The trace comparison approach can be applied with increasing levels of analysis starting with the program flow, basic PC (Program Counter) monitoring, program data, and monitoring all of the processor registers and memory changes.

However, the trace-based comparison method has some drawbacks, the trace files can become very large to manage and analyze. Also, discrepancies or test failures could occur early in the tests, which can become an inefficient use of resources with unnecessary simulation beyond the point of failure. While supporting some key DV objectives, trace-compare has efficiency limitations and is only considered suitable for simple processors. Also, when there is a trace comparison difference, it can be hard to ascertain the cause as all that is visible is trace files with no ability to perform any more detailed drill-down interrogation.

Data-path lockstep-compare: stage #3

Fig. 3: The data-path lockstep method for step-and-compare verification.

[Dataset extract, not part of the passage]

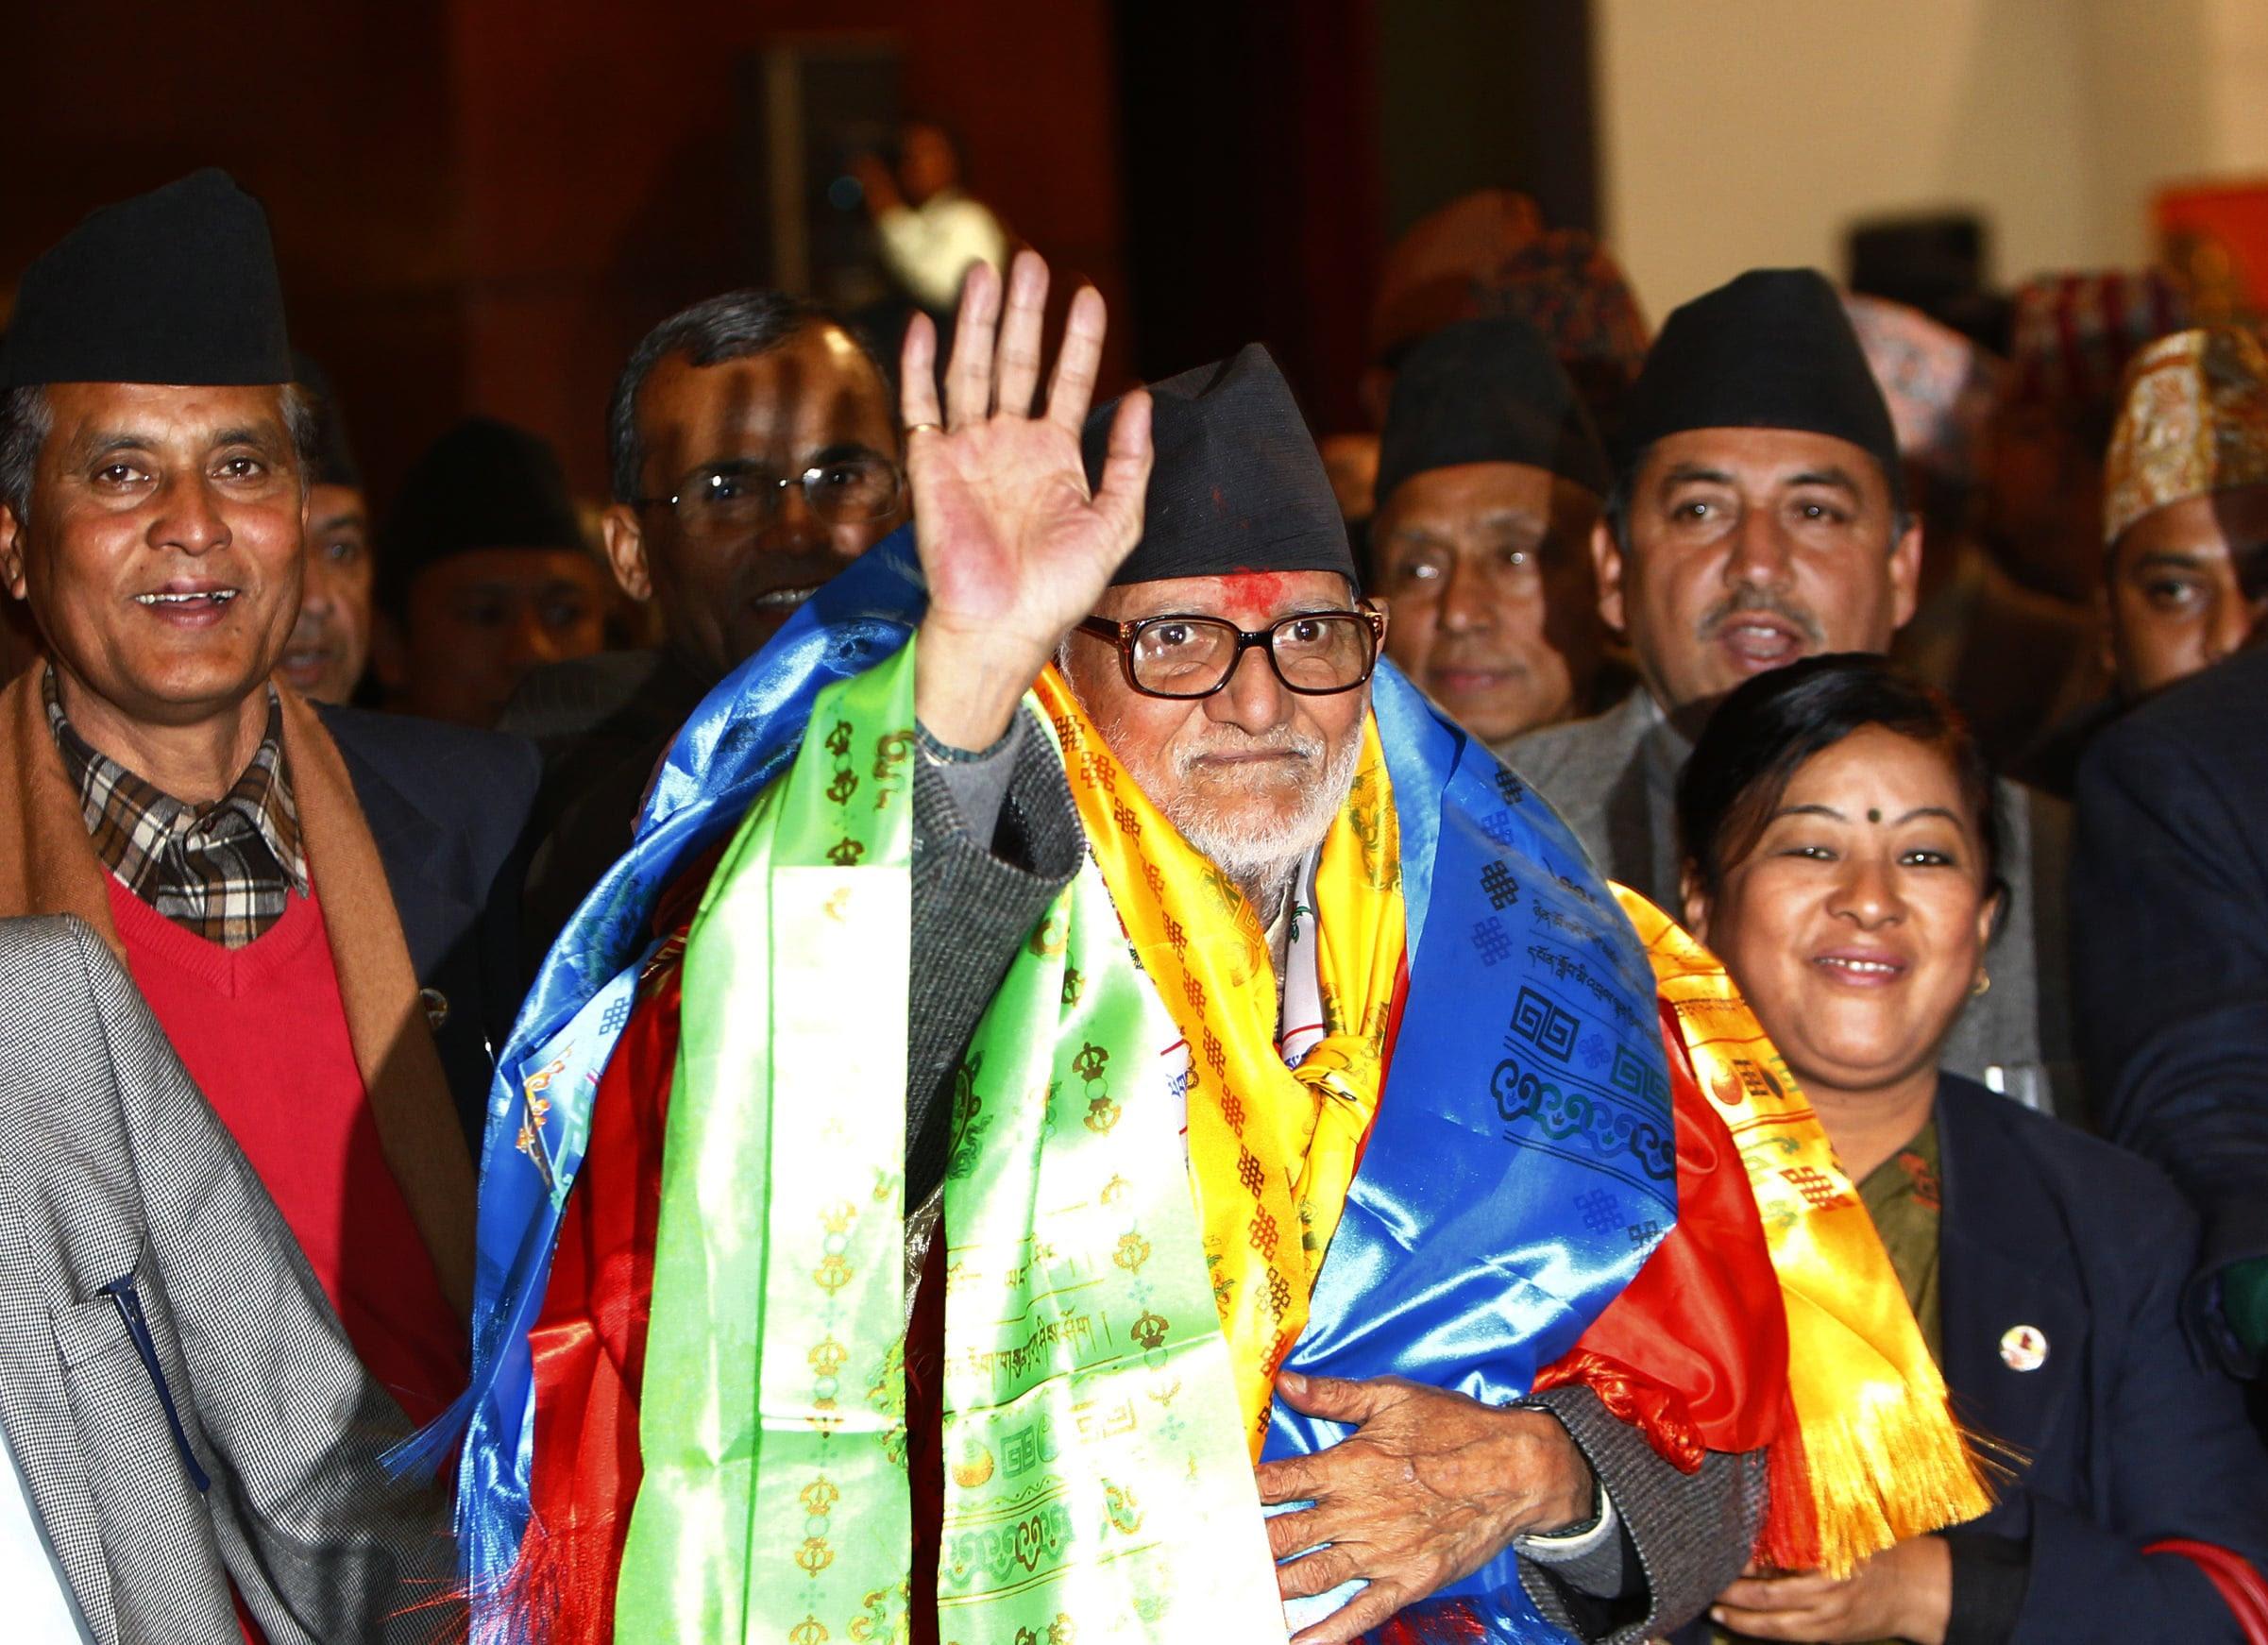 Nepal's newly elected Prime Minister Sushil Koirala waves to the media at the Constitution Assembly Hall, in Katmandu,  Nepal, Monday, Feb.10, 2014. (AP Photo/Niranjan Shrestha)

To provide a comparison-based flow without the drawback and inefficiencies of the trace-compare post-processing, the reference model can be simulated in synch with the RTL DUT within the same SystemVerilog test bench. This flow is shown in figure 3. The reference model is encapsulated in the SystemVerilog testbench and provides not only an immediate indication should a discrepancy be found, but also an interactive debug environment to investigate divergence. A processor verification plan is typically focused on the key metrics for coverage but the efficiency to identify and investigate a divergence is an important factor in selecting a verification methodology.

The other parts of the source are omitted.